S. J. Rozan

New York, New York. It’ll never be the same.

I was born here, I grew up here, so ask me to write a piece about New York and you won’t get objectivity. But you won’t get New York boosterism, either. Patriotism? My city right or wrong? Forget that. Sure, New York is different from every other city on the planet. So is Paris, Sao Paolo, Beijing, Bangkok. Yes, I love it here, more now than ever. On 9/11 New Yorkers showed what they’re made of, and though I wish I’d never had to see it, what I saw was great. But Parisians would have done that, too, and Beijingers. The truth about pretty much everybody is, get the ideologues out of the way and people come through for each other. Most people. The people who don’t, well, they’re everywhere too.

Is New York the center of the universe? Probably not. The funny thing is, we don’t really see ourselves that way. A lot of other people seem to see us as seeing ourselves that way, though, and resent us for it, and go out of their way to tell us we’re not. Okay, fine. This doesn’t seem to be a universe with much of a center, anyway: not a lot of order here.

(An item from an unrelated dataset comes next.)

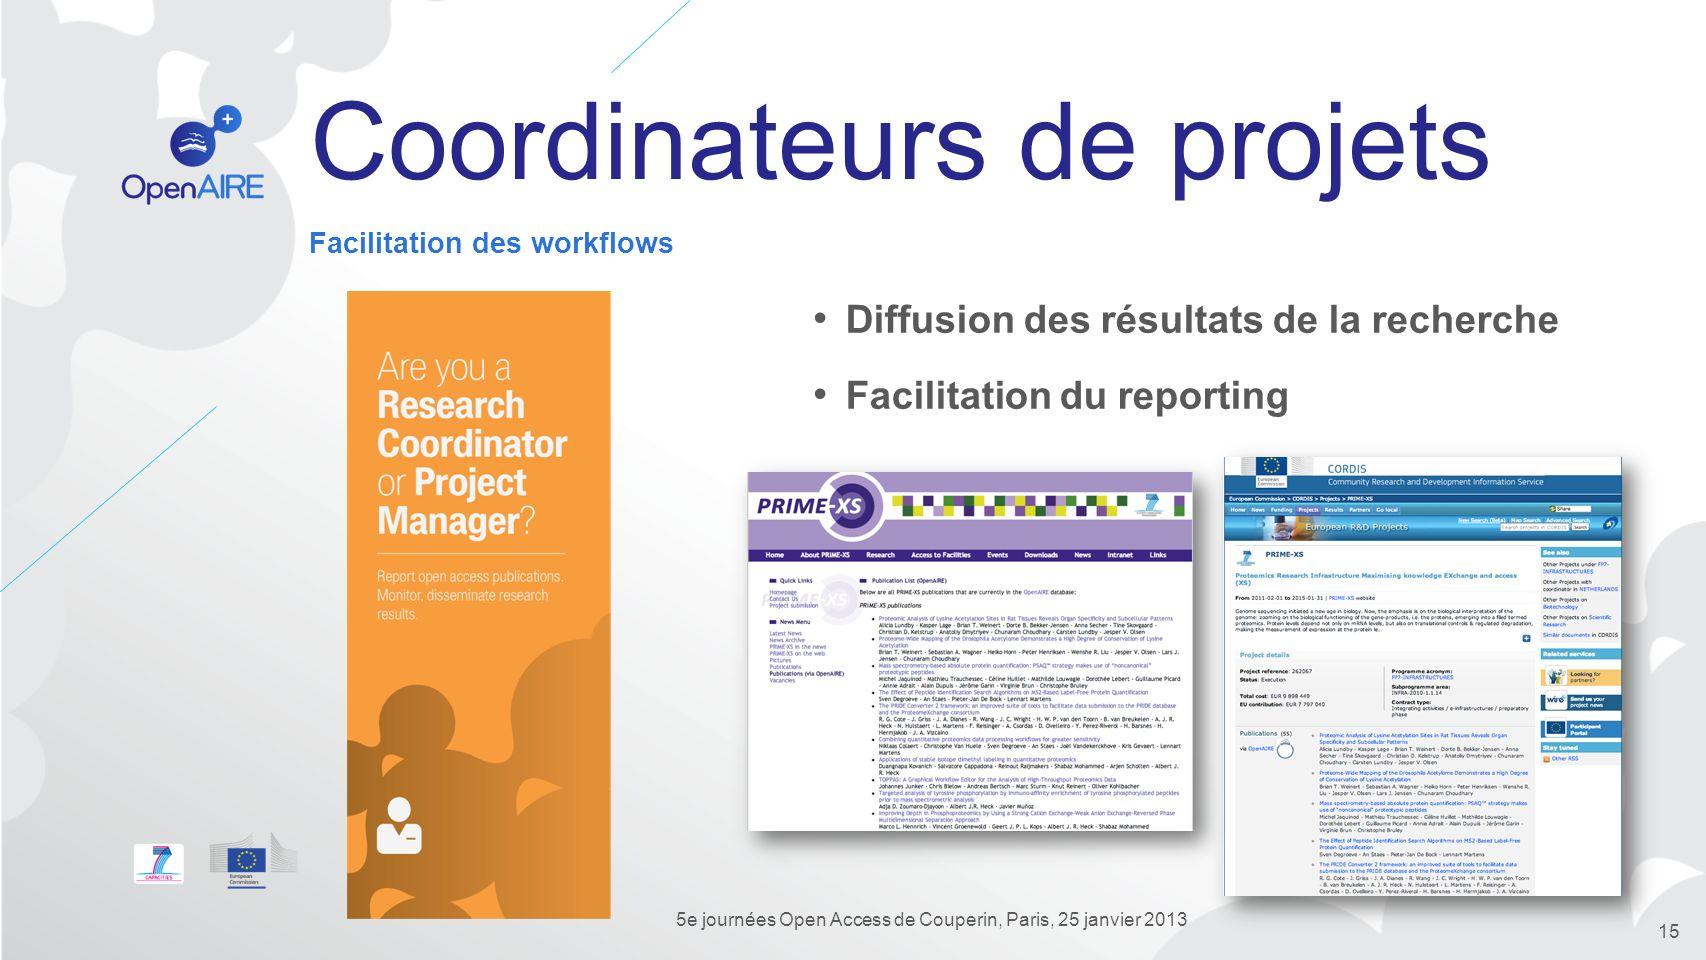 Coordinateurs de projets

What we do see ourselves as is a place where a vast array of worlds, connected and unconnected, are at the top of their game. Each attracts newcomers all the time, each vibrates with so much energy it sets the others vibrating too. We see ourselves as a place so big we may be ungovernable but we’re also, in the best sense, uncontrollable: anything can happen here. The separate worlds—theater, art, food, commerce; the lives of endless waves of immigrants - are valuable in themselves. The cracks between them, though, are what’s critical. What falls into those cracks, what develops in the spaces where those worlds overlap, split, flow together again: that’s where new things happen.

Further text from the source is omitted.